В русском языке существует термин слёт. Это организованное собрание людей объединённое профессией или интересами, например ролевые игры. Примеры: слёт системных администраторов.

В вашем случае я бы сказал слёт велосипедистов. Я проверил существование этого выражения с помощью Google. Оно используется именно так. Вы можете проверить любое словосочетание в интернете - если находите массовое использование такого, именно так как вы это написали в поисковой системе, значит выражение верно.


----------



## fakel

Спасибо большое! Тогда я наверно заменю слово "событие" с "слер"...свучит лучше! 

Факел


----------



## morzh

Веломарафон - direct translation.


----------



## Maroseika

First of all we should know what is this event about. If they just gather to discuss their bike problems, eat, drink, dance and sing, this is rather слет (though sounds a bit outdated). But if they just ride together from place A to the place B, this is велосипедная прогулка, веломарафон (100- 1000 км).
And I'm not sure how to call it of they do all this at once.


----------



## Sobakus

"Событие" isn't used for organised events, only for historical events and the like.


----------



## fakel

Well it's more of a 'get together' by green organisations to promote the advantages of cycling. Around 200 people participated and rode about 10km as far as I am aware. 

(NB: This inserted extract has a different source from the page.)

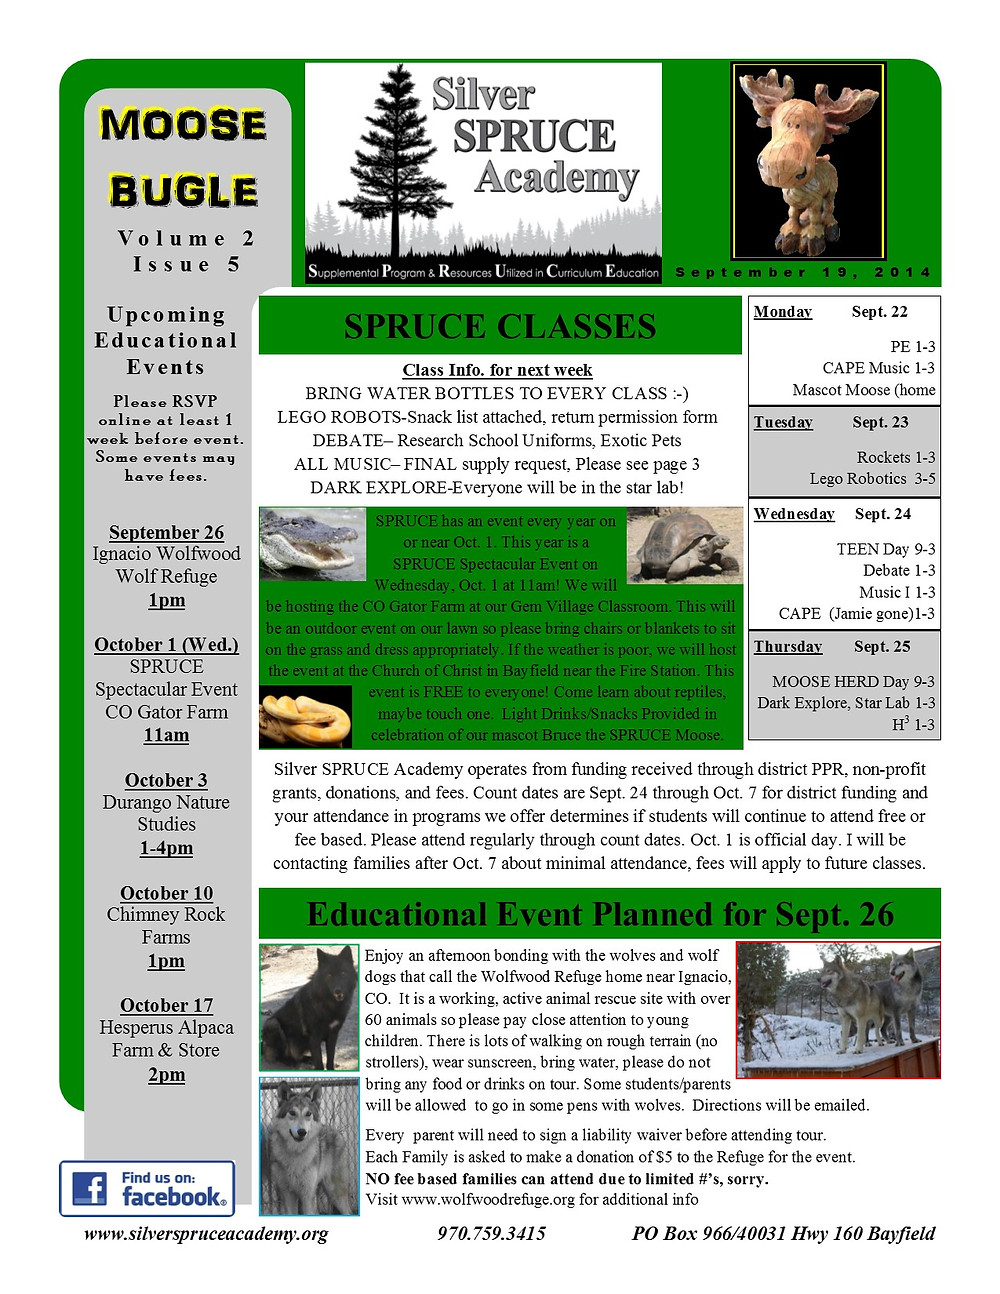 Moose Bugle 9-19-14 Page 1.jpg
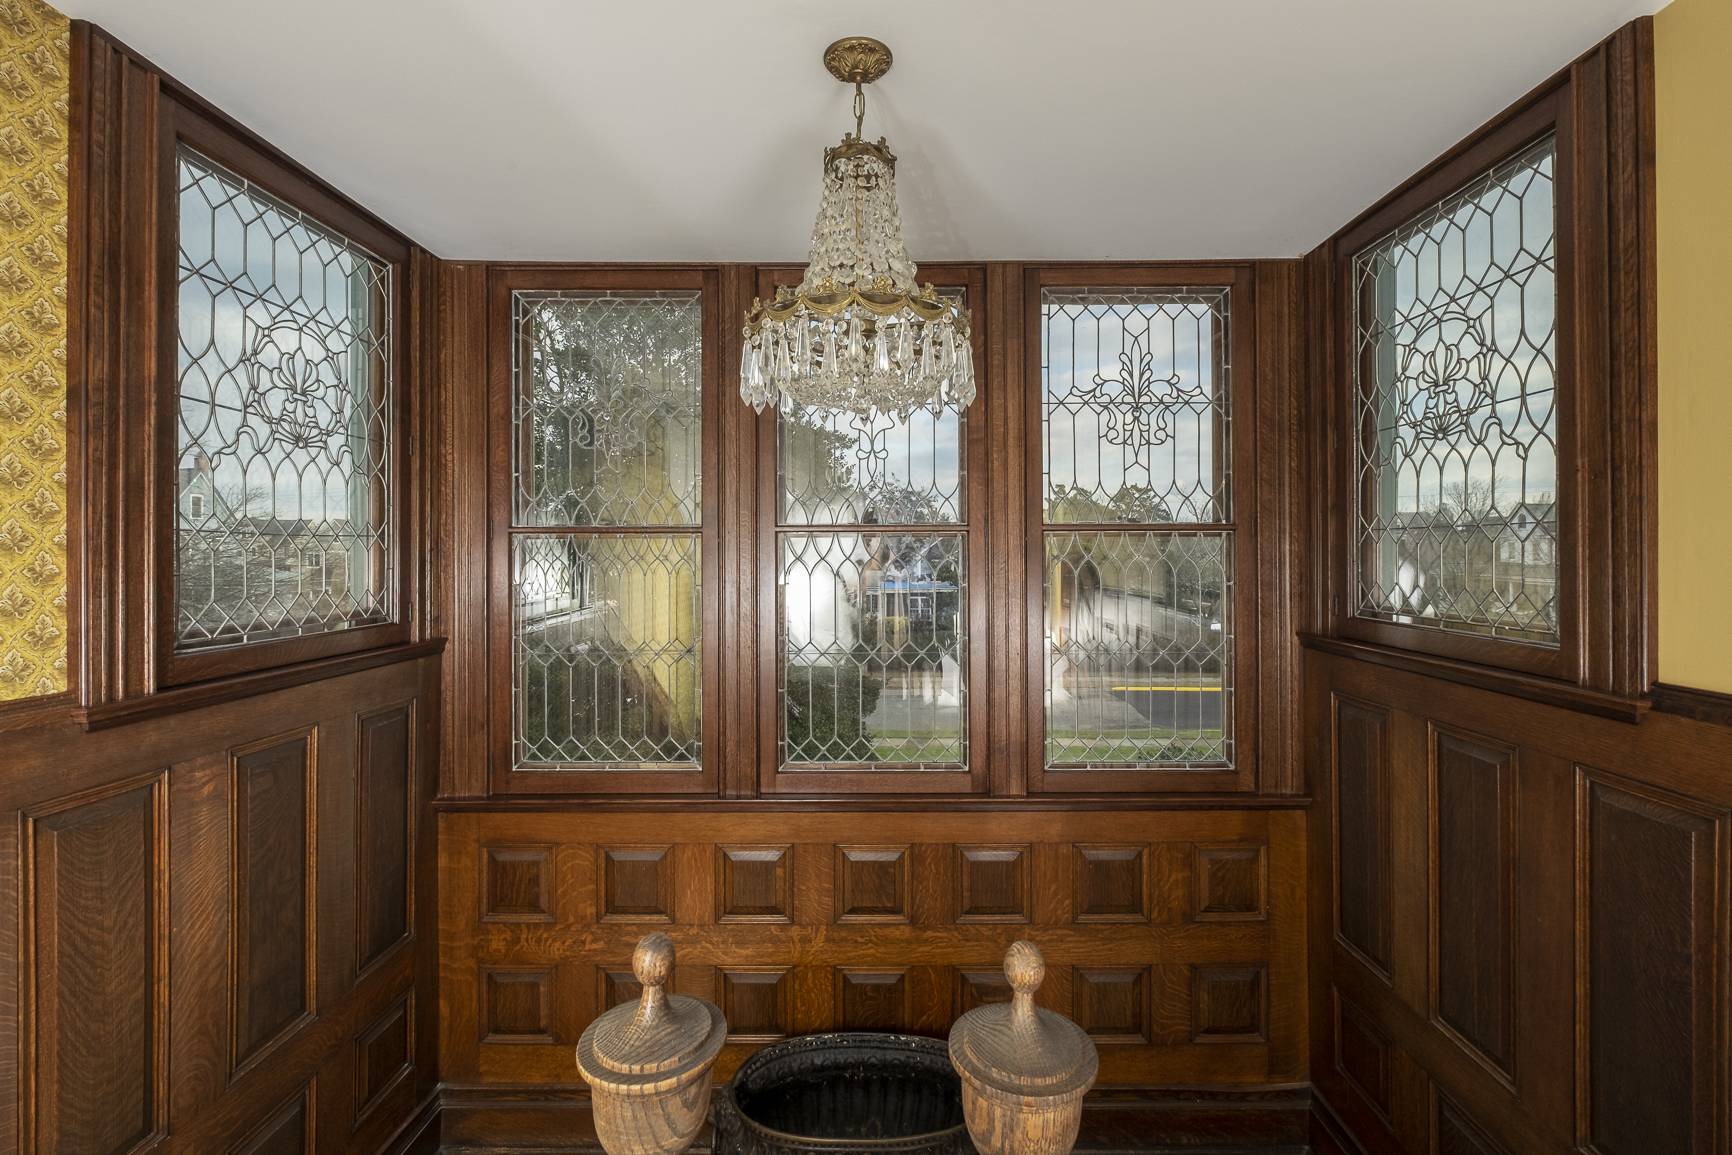 Restored Leaded Glass Windows

I presume then that велосипедная прогулка would be more suitable? 

Факел


----------



## KSSLW

Well, it's not easy to give a precise translation in one word for that kind of event. I'd propose for your case слёт "зелёных" велолюбителей. So, for me, bikeathon would be слёт велолюбителей.


----------



## morzh

OK. One has to understand that "-thon" in English, when events are named, is usually an allusion to "Marathon".
Meaning something either lengthy (like a telethon, or sometime simply telemarathon), or something that covers a significant distance.

So it is natural to observe it in Russian too.

Except that in Russian "марафон "usually is not shortened to just the ending and is used in whole.

So, "Bike-a-thon" (this is how it is often spelled, with the dashes), can be "вело-марафон", since the people are going to ride some distance, not just sitting around the bikes.


----------



## Saluton

I second веломарафон even if it wasn't a competition. Слёт is not associated in Russian with riding anything, it's a convent, conference, festival, but not a hike.


----------



## Koshky

KSSLW said:


> В русском языке существует термин слёт. Это организованное собрание людей объединённое профессией или интересами, например ролевые игры. Примеры: слёт системных администраторов.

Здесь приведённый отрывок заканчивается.